Last week we recorded our seasonal live performance show, recording two concerts in 24 hours on opposite coasts. You can hear them tonight on an Echoes Celtic Sonic Seasonings.
This year we have two artists returning. On Monday afternoon, December 9, with fresh fallen snow on the ground, Moya Brennan came to the Echoes living room with her long time partner, harpist Cormac De Barra and her daughter Aisling Jarvis. In a testament to time, I first interviewed Moya backstage at the TLA Theater in Philadelphia in 1993 when she was pregnant with Aisling. And at the time, Moya spelled her name Máire Ní Bhraonáin.
Moya is acclaimed as the singer of Clannad, the Irish band that was part of the Celtic renaissance that began in the 1970s. That band reformed this year for the album, Nadur, but Moya has been solo for the last 15 years. This past year she released the album, Affinity with Cormac De Barra under the banner of Voices & Harps. She also re-released her album, An Irish Christmas with bonus tracks. We’ll hear this trio in a weave of harp strings and heart-rending harmonies when they play live on An Echoes Celtic Sonic Seasonings.

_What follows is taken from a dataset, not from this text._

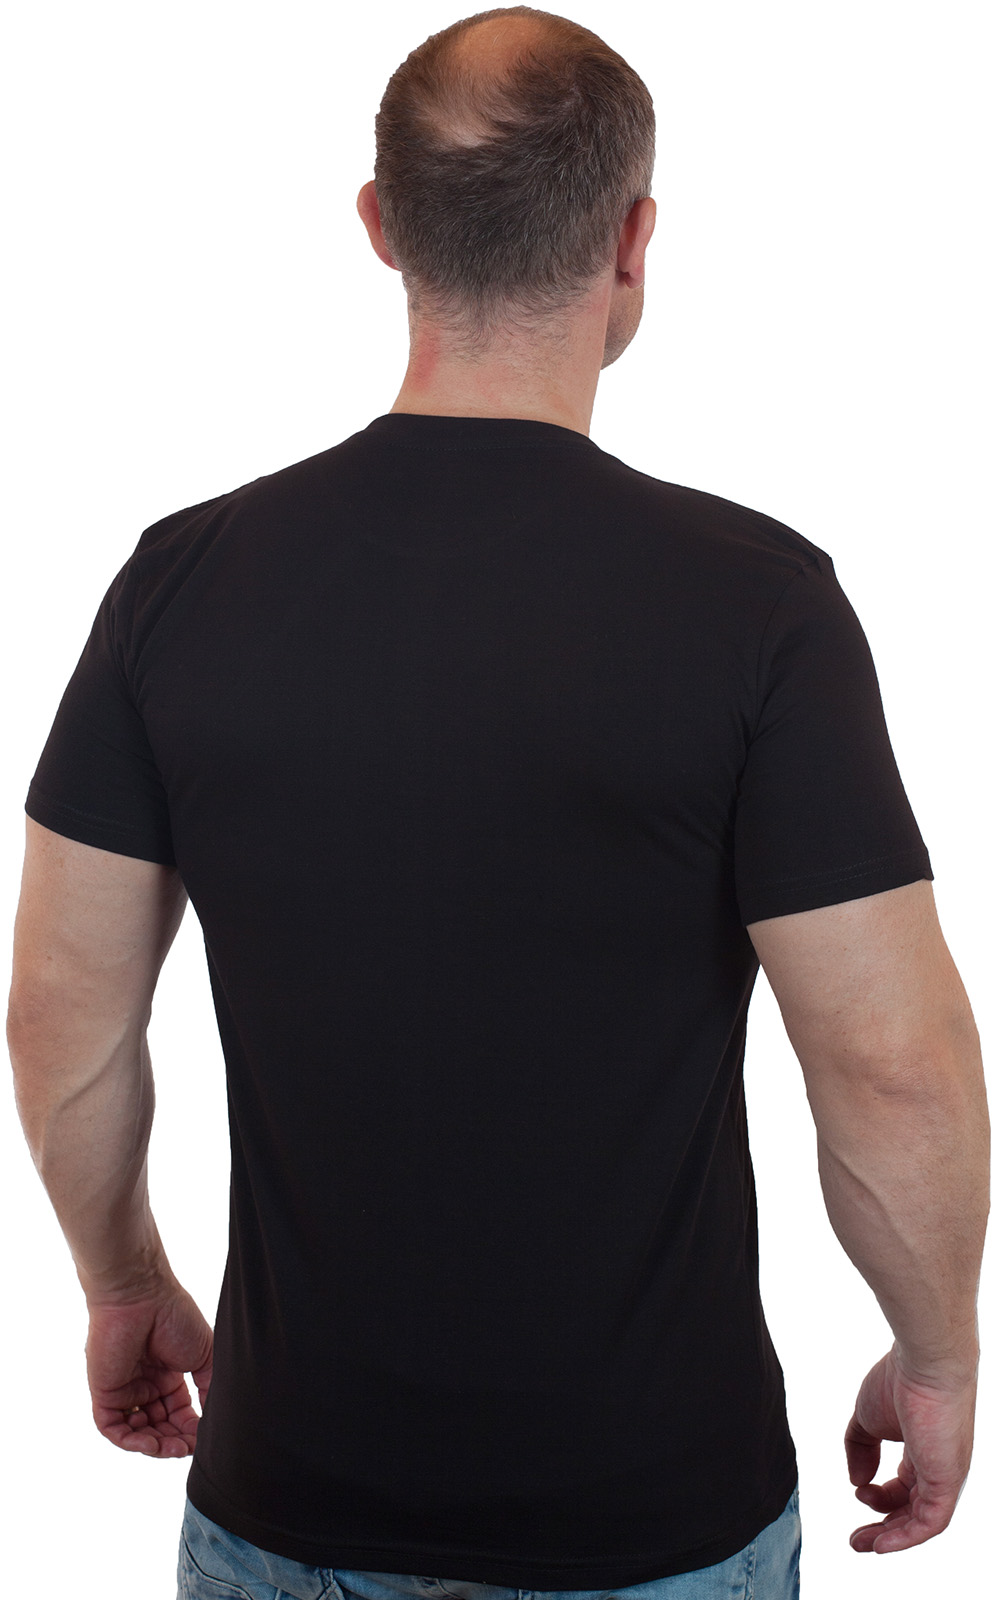 Чёрная футболка с термотрансфером "ВДВ"

Immediately following Moya’s show in our southeastern Pennsylvania living room, Jeff Towne and I hopped on a flight to Seattle and the next day, December 10, we were in the home studio of keyboardist Jeff Johnson where he’d gathered his Celtic trio of flutist Brian Dunning and violinist Wendy Goodwin.
Jeff Johnson is a veteran of Celtic cross-over and devotional albums with dozens of CDs out on his own Ark Music label as well as Windham Hill and Hearts of Space Records. Brian Dunning has been with him on many of those
recordings. He has a connection to the early Celtic renaisance as a member of the band Nightnoise which included guitarist Mícheál Ó Domhnaill and his sister, singer and keyboardist Tríona Ní Dhomhnaill. Mícheál, who died in 2006 had been a member of the legendary and influential Bothy Band. They are joined by Portland-based violinist Wendy Goodwin who released her solo debut, Place of Refuge last year. Collectively, the trio released a gorgeous CD, of pastoral, ambient winter chamber works called Winterfold this past fall and it’s in the Echoes Top 25 for 2013
The trio crammed into Johnson’s studio and played beautiful arrangements of music from this album and drew from tracks that have appeared on Johnson & Dunning’s A Quiet Knowing albums and a few Windham Hill collections.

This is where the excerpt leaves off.